According to a note from Deutsche Bank Research sent to clients on Monday, credit scores among people aged 30 to 59 declined as of June when compared with April of last year.
A credit score between 670 and 739 is generally considered “good.”
The potential culprit? Higher delinquency on auto loans, researchers posited.
Auto loan balances increased by $18 billion in the third quarter, according to the New York Federal Reserve Bank, to $1.32 trillion.
While aggregate delinquency rates rose in the third quarter to 4.8 percent, researchers noted that underwriting standards tightened for auto loans, and the median originating credit score rose 8 points to 771.
About 2.34 percent of auto loans were in serious delinquency, or 90 days-plus overdue.

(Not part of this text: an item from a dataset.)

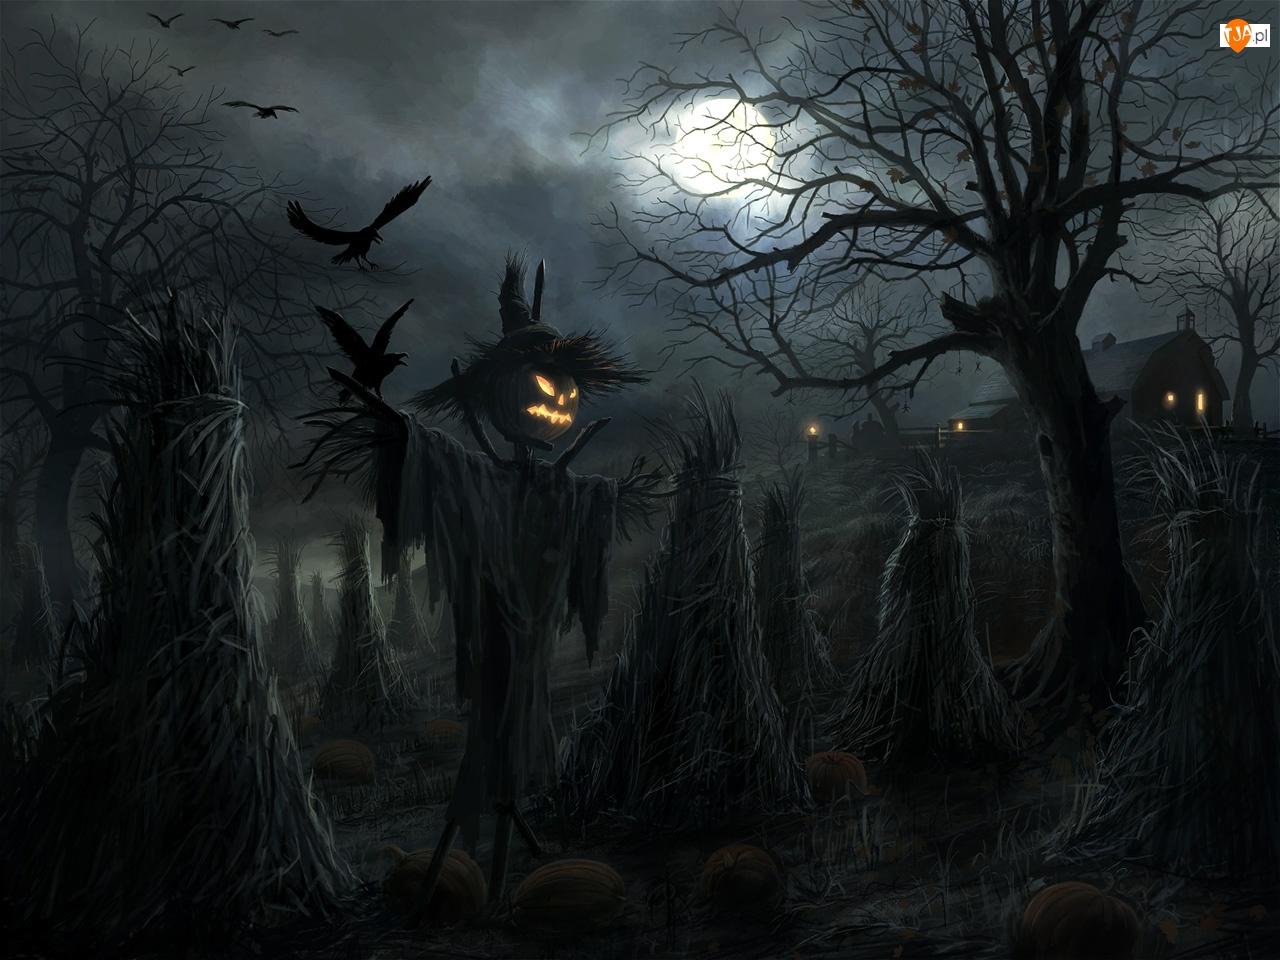 Halloween, Chochoły, Strach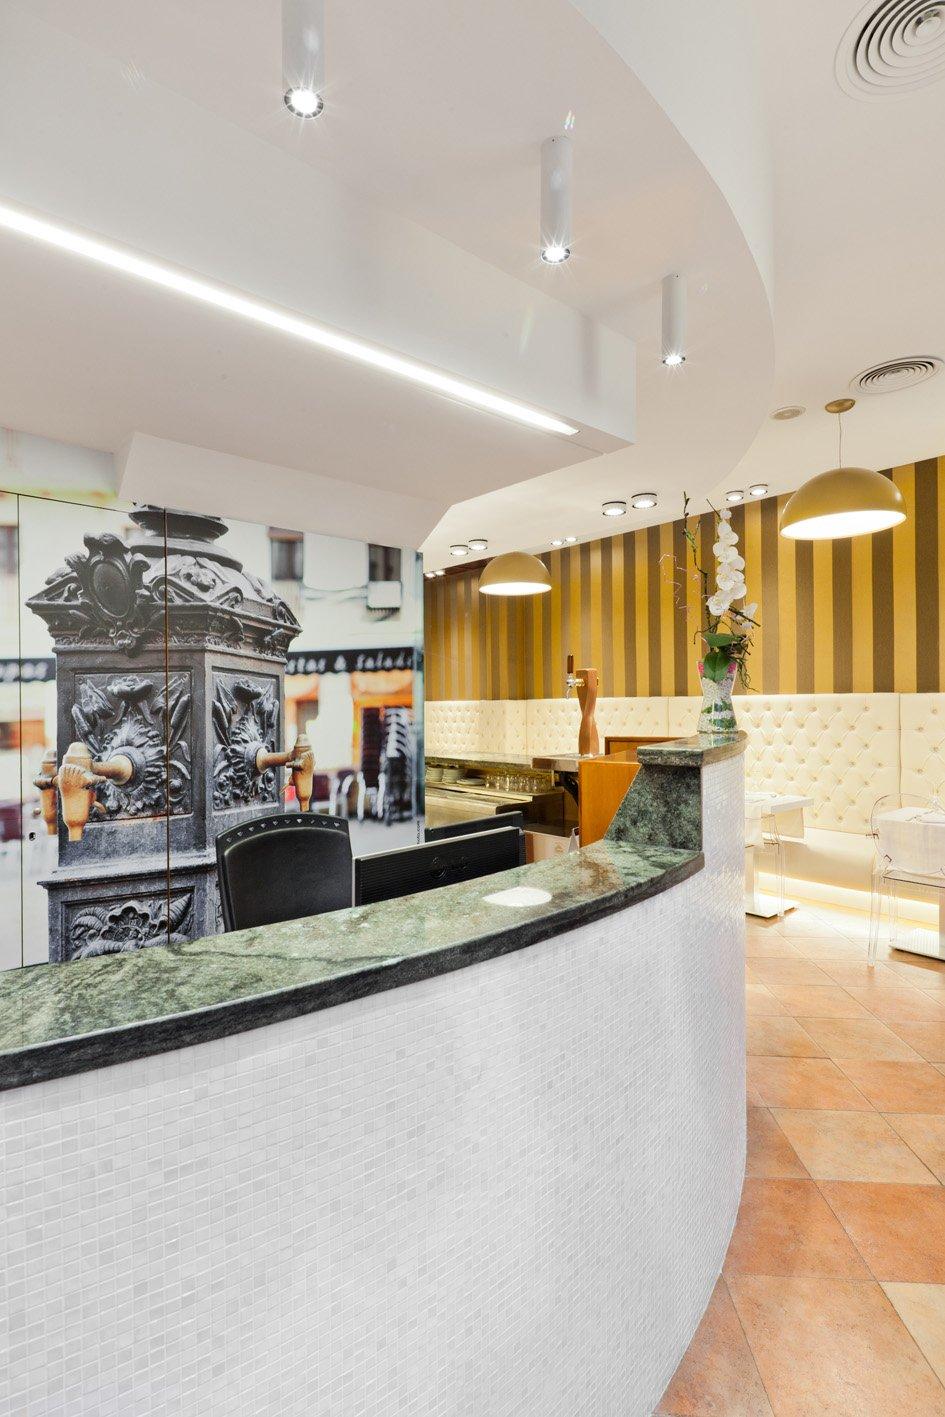 hotel_la_fontnombre_del_documento_30-f0b2a9319e383aa55bf5fd16dc9e399f

That rate is on par with the second quarter.
However, in the first quarter, auto loans considered in serious delinquency hit 4.3 percent.
According to Experian, the average FICO score in the second quarter was 703, though the average scores tended to vary by age. Americans between the ages of 20 and 29 had the lowest average score, 662, compared to people aged 60 and over, whose scores averaged 749. The state with the highest average credit score as of the second quarter – 733 – was Minnesota.
The average FICO credit score reached 704 last year, according to a report released by the scoring company, an all-time high.
As previously reported by FOX Business, there are mounting concerns that credit scores don’t accurately reflect probability of repayment. During times when the job market is strong and wages are increasing, it is much easier to meet monthly payments – meaning credit scores may be increasing while overall creditworthiness has effectively remained the same.
For people looking to raise their rating, there are a few steps to take that can help. Among them are paying bills on time, being wary of how much credit is utilized and having active older accounts.